So I would say the lead list is long; there are other technologies that we are deploying as well to go meet some of these needs. And I think as credit becomes more available, I think you will start seeing Ecovation [stuff] pop, too.
Michael Harrison - Analyst
Alright. Thanks very much, guys.
Operator
your next question comes from the line of Laurence Alexander with Jefferies.
Unidentified Participant - Analyst
Hi, this is Unidentified Participant on for Lawrence. Was wondering if on the Health Care side, you could give us an update after doing the initial service protocol trials, how that's going there?

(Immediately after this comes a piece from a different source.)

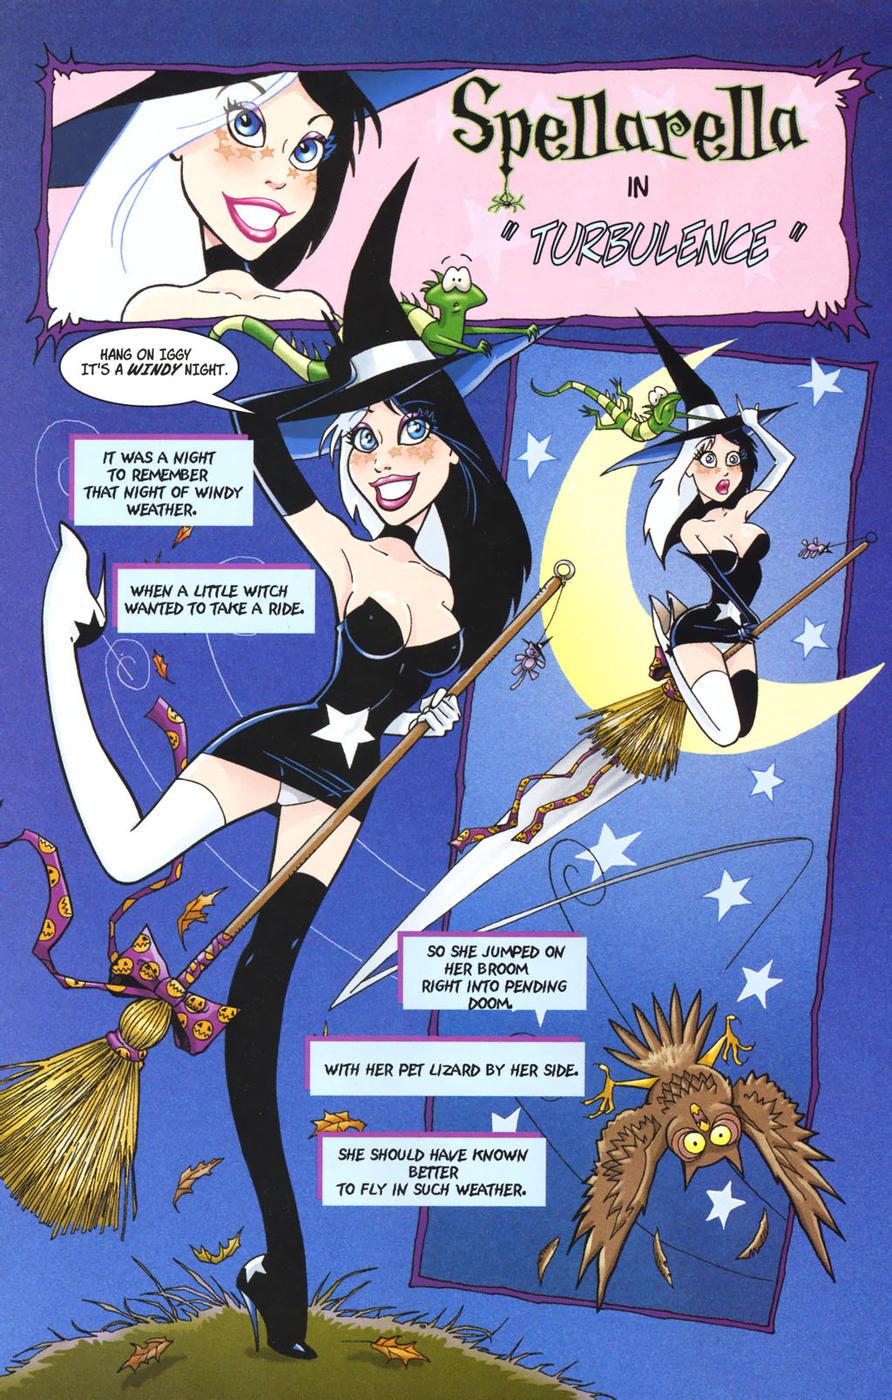 tarot nude rose the black witch of The road to el dorado gay

Douglas Baker - President, CEO
Look, the Protect model continues to look extremely promising. I would say all the work that we're doing in hospitals is proving the concept that if you actually clean and reduce bacteria loads then you have an improvement long term in infections. I don't know if you saw it today, the Wall Street Journal, in section R-6, there's "10 Steps to Preventing Infections in Hospitals". We're referenced as step one. So I think the word is getting out, and there's a lot of, I think, interest in this area, and we remain quite bullish on our Health Care initiative. and [Protect[.
Unidentified Participant - Analyst
Okay, and then just a second on demand trends in Europe. Could you just expand a little bit about what you are seeing there, as far as competitor behavior?
Douglas Baker - President, CEO
I don't know that we've seen any significant change in competitive behavior in Europe. What I would say about demand in general in Europe is it's stabilized, and I think we're pretty confident that we have seen the bottom in terms of demand destruction in Europe. So if anything, that business appears to be firming up.
Unidentified Participant - Analyst
Thank you.
Operator
Your next question comes from the line of Gary Bisbee with Barclays Capital.
Gary Bisbee - Analyst
Hi, good afternoon. First question, how much benefit do you think you are likely to get in 2010 from the cost action taken early this year? Obviously it seems like the benefit your margins this year are back loaded so there would be some flow-through in the first half of next year, but I guess I'm trying to get a sense if you think that you've done enough now to position yourself for, without a big volume spike, it continued up year-over-year margin story next year?
Douglas Baker - President, CEO
Yes, Gary, so if you are talking about the activity that we undertook beginning in January, we talked about roughly a $75 million annual benefit, we're going to realize roughly $55 million of that this year and another $20 million incremental next year as we go through. So the year on year delta will be about $20 million, and you're right, it's going to be principally in the first half that we'll recognize this. We have a number of other initiatives underway within the Company, that simply aren't part of, quote unquote, the restructuring efforts, but they're all designed to help drive efficiency or lift margin in both a up sales cycle or a flat sales cycle. So I think we're completely aware.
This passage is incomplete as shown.